Figure 5. p53 Suppresses SASP Factors in MiDAS.

(A–C) Cells were infected with lentiviruses expressing control, SIRT3 or HSPA9 shRNAs, then a p53 shRNA (shp53) or control virus, were assayed 10 days later for HSPA9, SIRT3, p53 and p21 protein (A), SA-Bgal activity (B), and BrdU incorporation (C).

(D) RNA from WT and rho0 cells, infected with shp53 or control lentiviruses and cultured + or − pyruvate for 10 days was analyzed for IL-1A (upper panel) and IL-1B (lower panel) mRNA by qPCR.

(E) RNA from WT or rho0 cells, mock- or IR-treated, and cultured + or − pyruvate for 10 days was analyzed as in (D).

(F) NF-κB reporter activity in cells cultured as in (E).

(G) ChIP assays for RelA and CBP binding at the IL1A promoter in WT and rho0 cells cultured + or − pyruvate for 7 days.

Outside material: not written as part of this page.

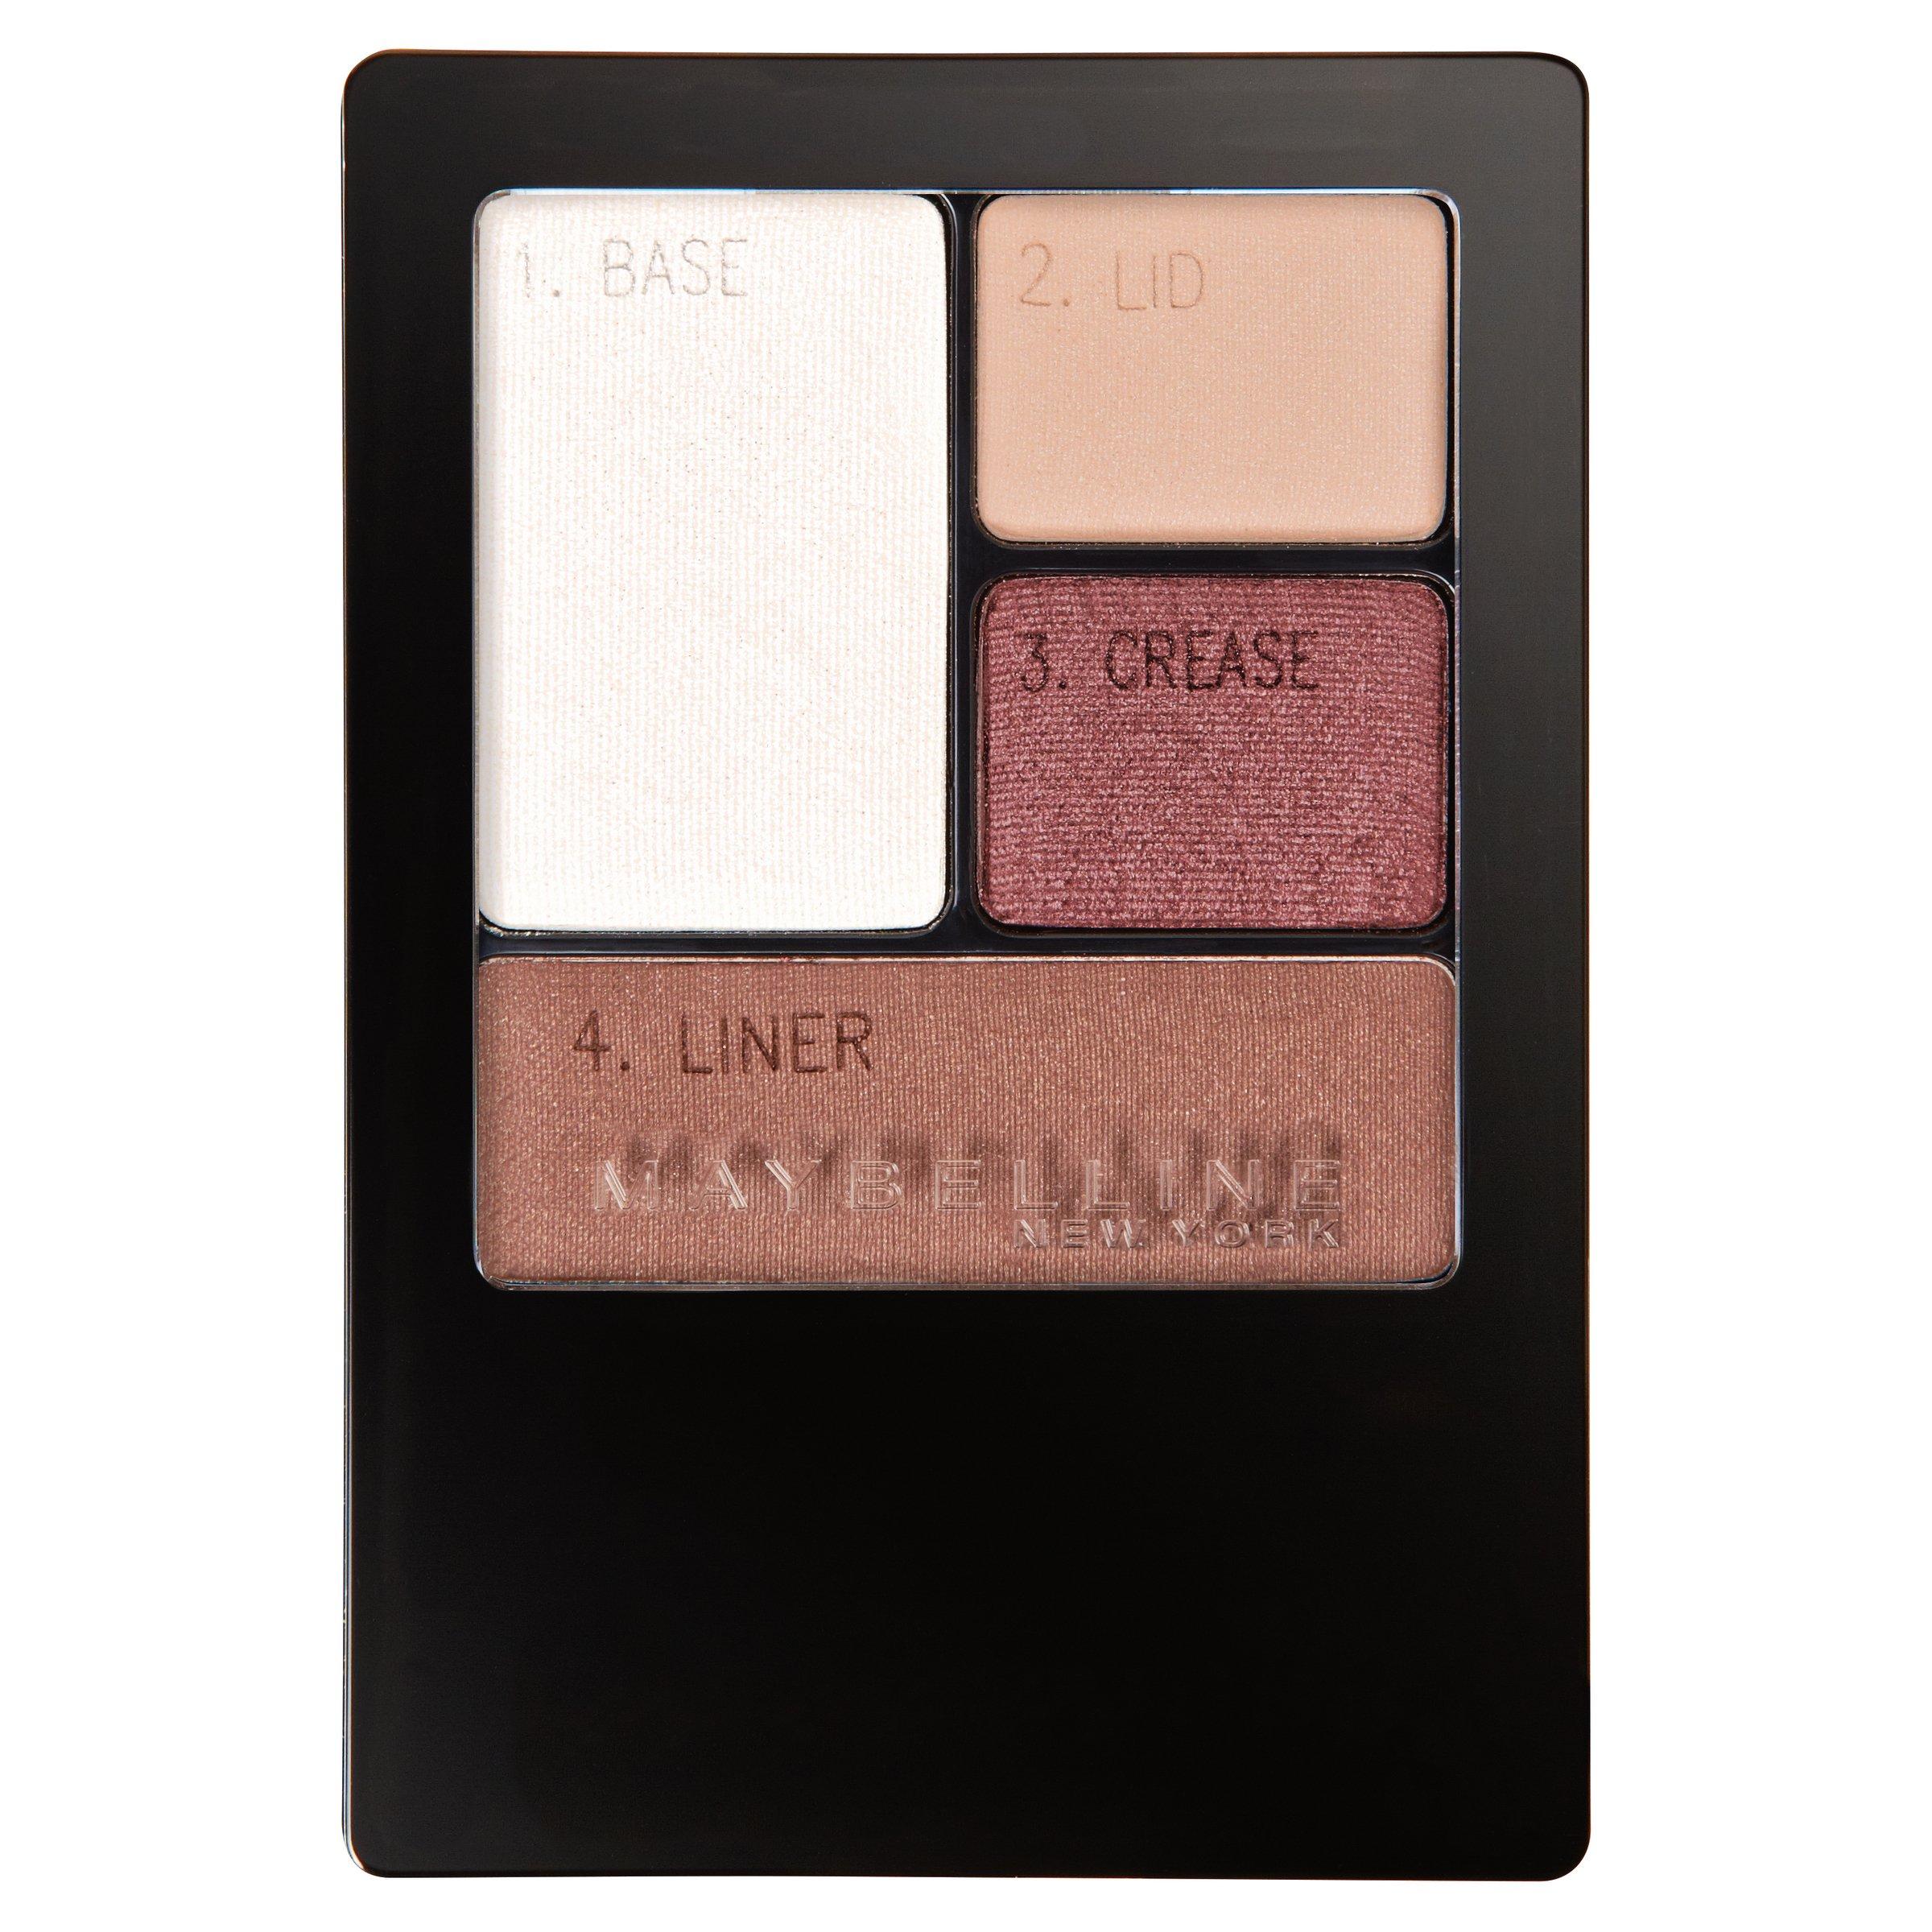 Maybelline Expert Wear Eyeshadow Quads, Designer Chocolates, 0.17 oz.
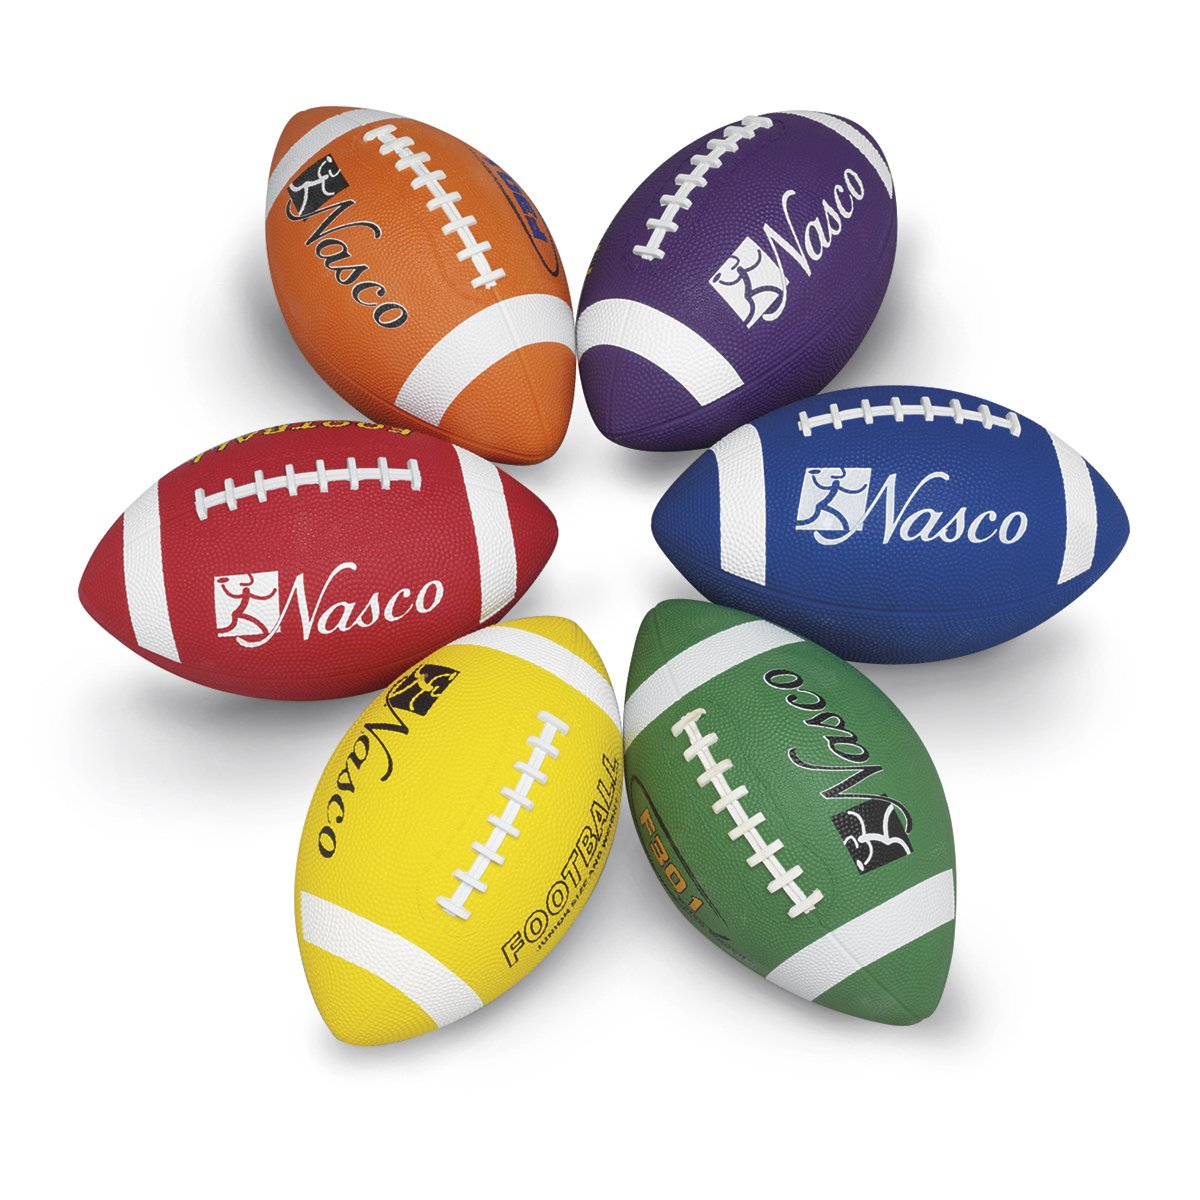 MAC-T Junior Size 3 Footballs - 6 - Colour Set B01NCJ0RNI

(H) WT and rho0 cells were cultured + or − pyruvate and infected with control or shRelA-expressing lentiviruses, and mRNA levels were measured by qPCR.

(I) WT and rho0 cells cultured + or − pyruvate were analyzed for IL-10 and TNF-α mRNAs by qPCR. Bar graphs indicate mean + SEM.